I encourage you to reread the AC's post above this, because I don't think you're quite seeing his point. If the government's taking their cut, it may not really matter if they do it up front or later, it's likely to work out close to the same either way. Paying 20% at the beginning and then letting your money grow, or letting a bigger pile of money grow and then paying 20% at the end, you personally have the same amount. Yeah, you're correct that the 20% at the end is bigger (i.e., more total tax paid to the government), but the amount YOU get to spend is still the same.
If you don't believe me, run some numbers to test it. A quick spreadsheet will demonstrate that it works out even.

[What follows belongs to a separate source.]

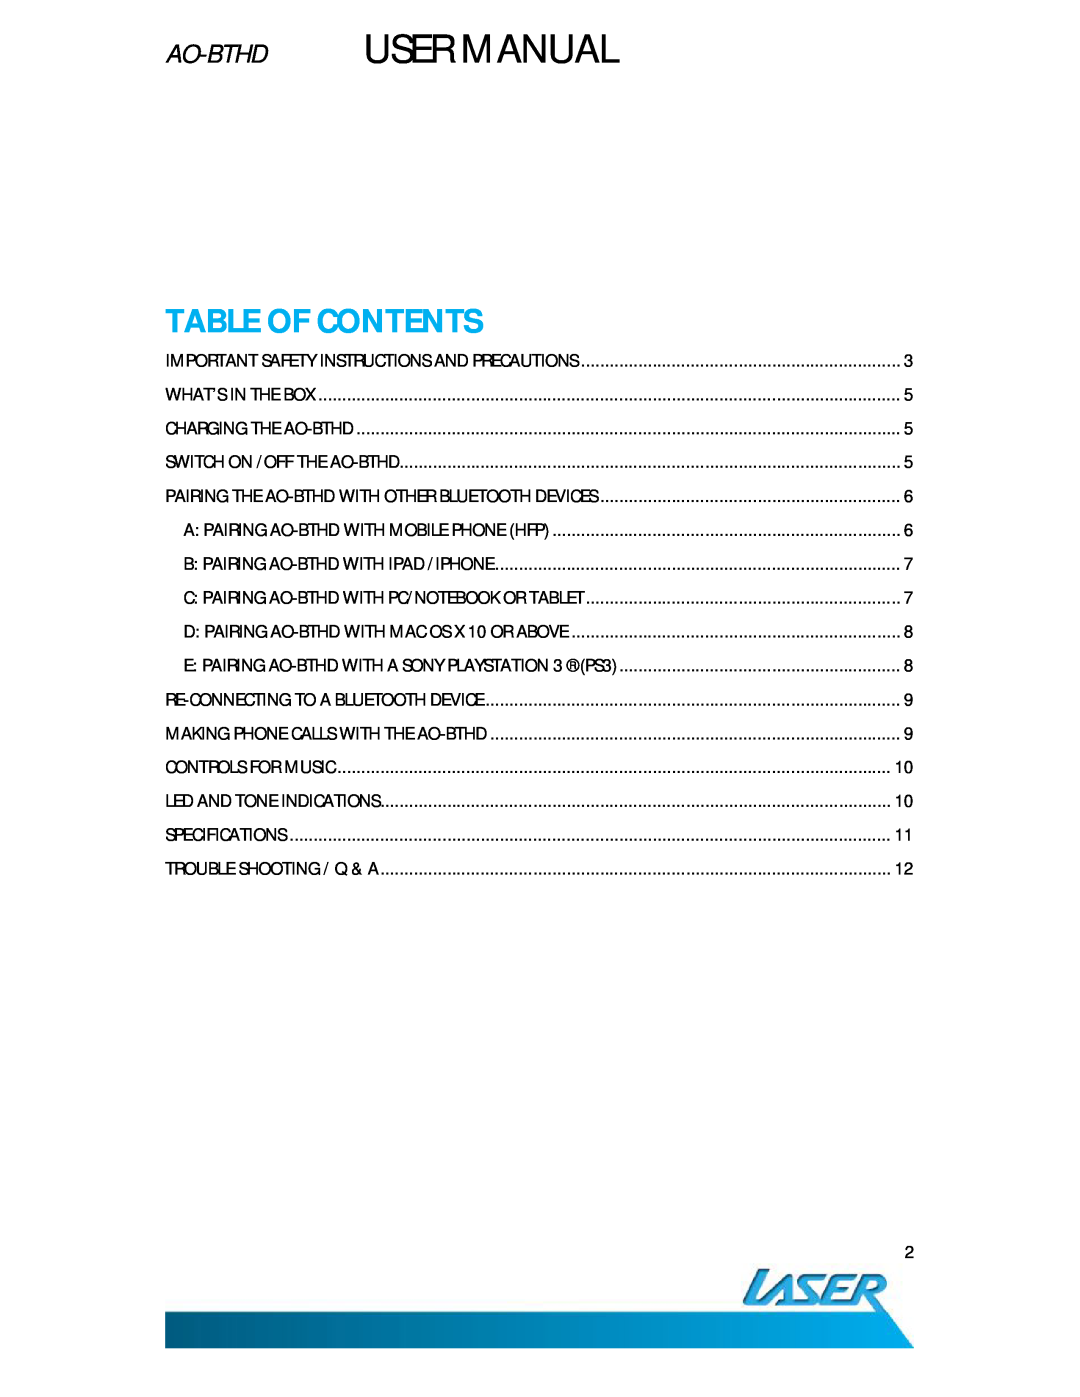 Laser AO-BTHD user manual Table Of Contents

As the AC said, the reason to game the system is if you have reason to believe your future tax rate will be higher or lower than your current rate, then obviously pick whichever investment is favored. There's also issues like if you go all ROTH and then have no income at all upon retirement, you may be throwing away your annual personal tax deduction, whereas if you've got some small amount of theoretically taxable income, you may actually get it all tax free, or at a pretty low rate after deductions. Other reasons to choose traditional: a small tax deduction when you're young and struggling to get established may be more important than tax-free income later in life, when you're well established and (if you invested well) money isn't tight.
I think for most people either option is likely to work out pretty close to the same. When in doubt hedge your bets and do half of each, if possible.
Stray note: it's not capital gains inside a retirement account, you're taxed on your withdrawals as if they're income.